Werdegar will be 81 when she steps down, marking the end of a long-running legal career that began with U.S. Department of Justice’s civil rights division in 1962.
Born in San Francisco in 1936, Werdegar received her bachelor’s degree from the University of California, Berkeley. She then graduated at the top of her class from George Washington University Law School.
After her job with the Justice Department, Werdegar returned to California and taught at the University of San Francisco School of Law, where she was also an associate dean.
She also worked as a senior staff attorney at the state’s First Appellate District and was senior staff attorney to California Supreme Court Associate Justice Edward Panelli.
Gov. Pete Wilson nominated Werdegar to replace Panelli in 1994.
In a statement, Wilson said, “I am sure that Justice Werdegar’s colleagues on the high court, past and present, regard her with great affection and great respect as a conscientious and collegial member of the court.”
He added, “She will be missed and remembered by California’s legal community for her lucid and highly articulate opinions.”
While Werdegar has been described as a moderate jurist, her opinions were also known to swing left, particularly on civil rights issues. In 1996, she wrote the majority opinion in Smith v. Fair Employment and Housing Commission, holding that a landlord couldn’t refuse to rent to unmarried couples based on her religious belief that it was sinful to do so.

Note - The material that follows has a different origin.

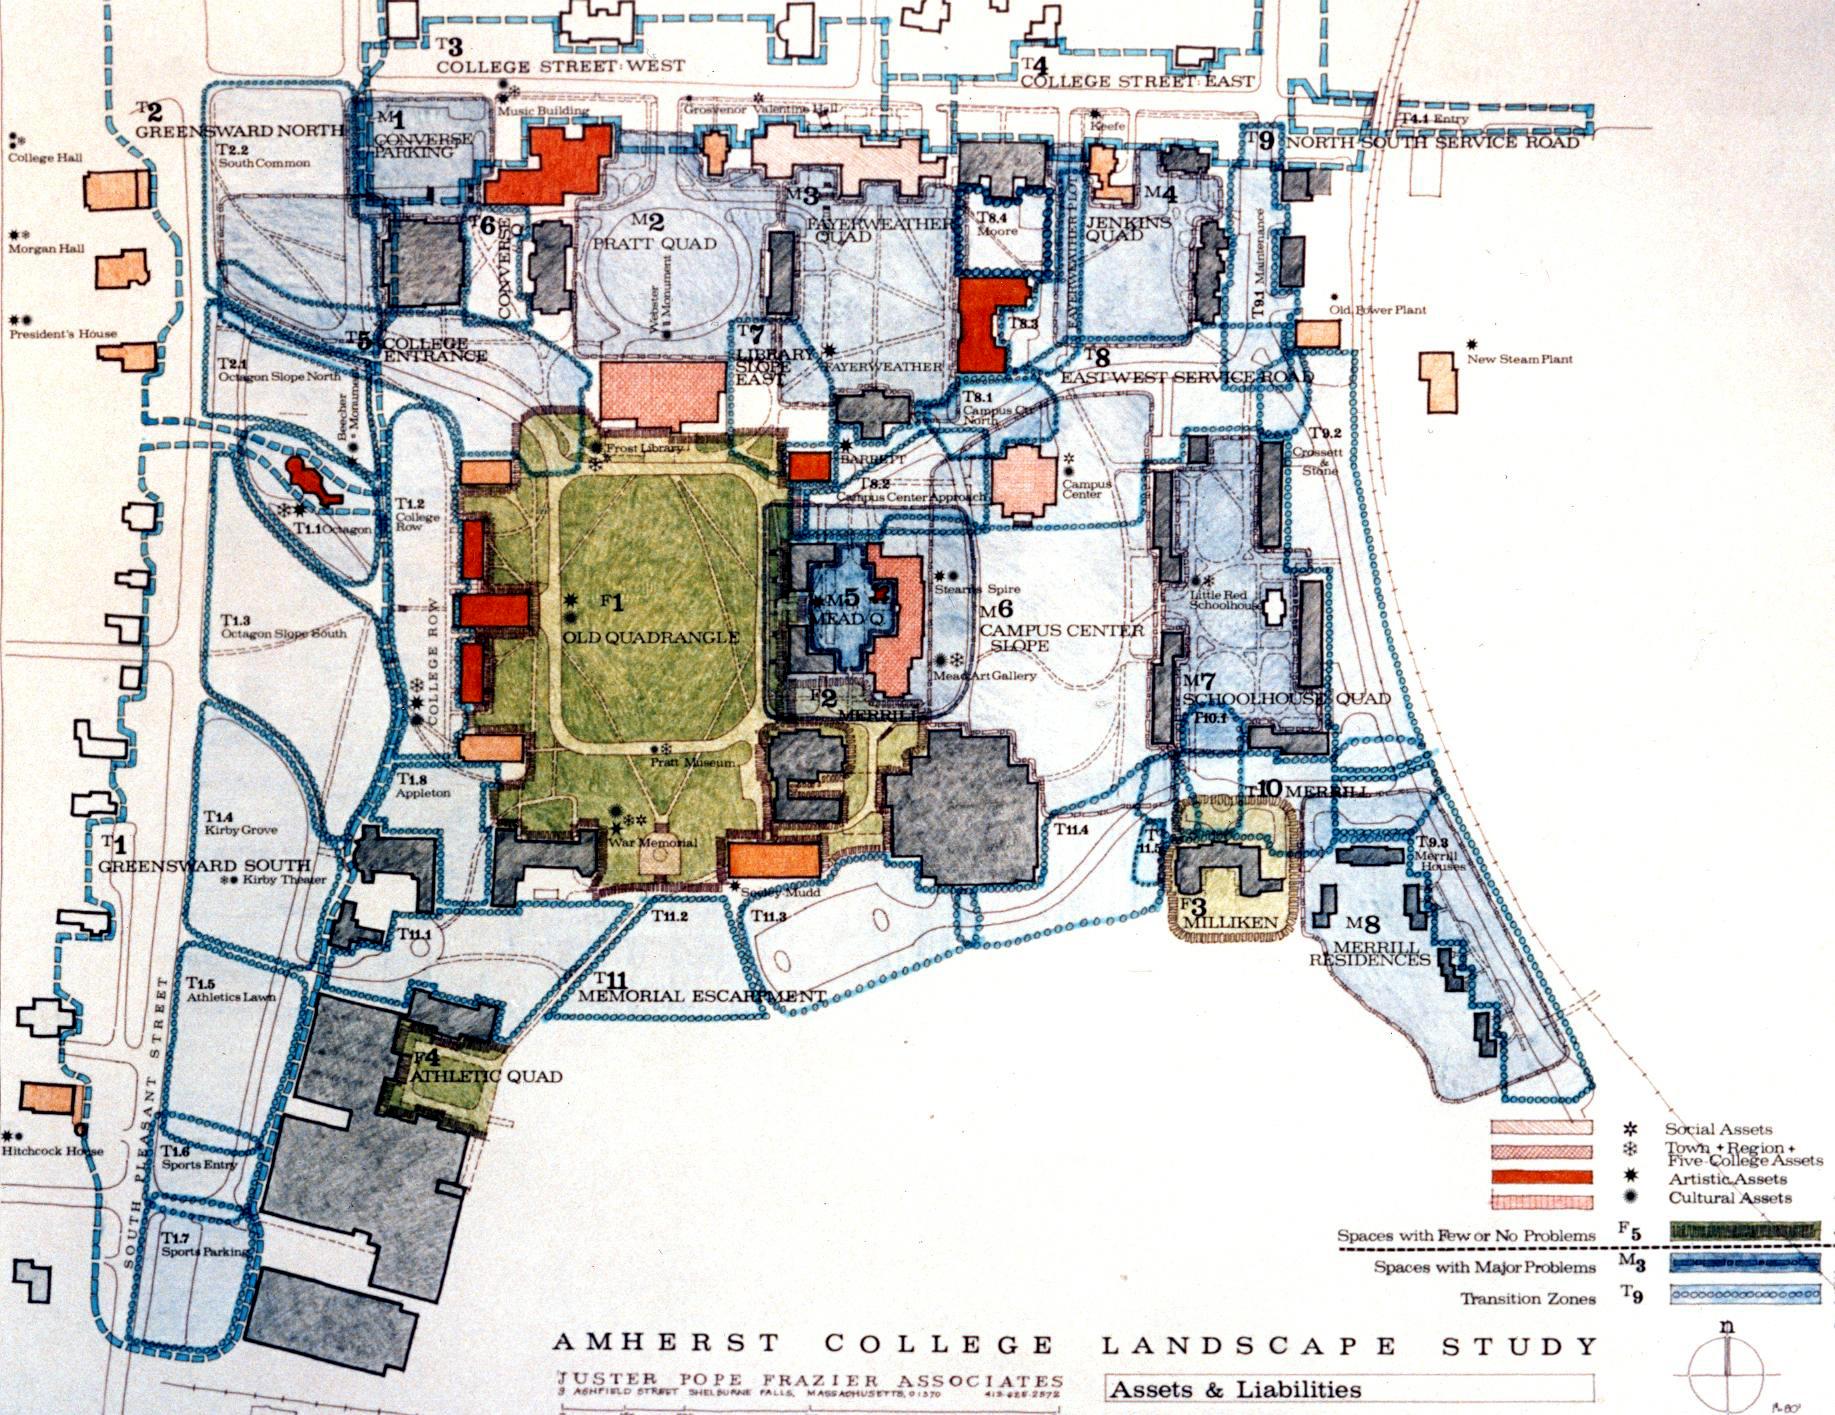 Amherst College Landscape Plan

In 2006, Werdegar wrote the unanimous court’s opinion in Evans v. City of Berkeley, ruling that the city could withhold free marina berths from the Berkley Sea Scouts, a group affiliated with the Boy Scouts of America, because it excluded atheists and gay men from membership.
Werdegar also joined the 4-3 majority that struck down California’s same-sex marriage ban in 2008, although voters annulled the ruling by passing Proposition 8 that same year.
Chief Justice Tani Cantil-Sakauye said in a statement Wednesday that Werdegar will be missed.
“Her service to the public has been invaluable. She has written many excellent court opinions under three chief justices, and has contributed to our collegial court ethos,” Cantil-Sakauye said. “We will miss her and wish her well in the next chapter to come.”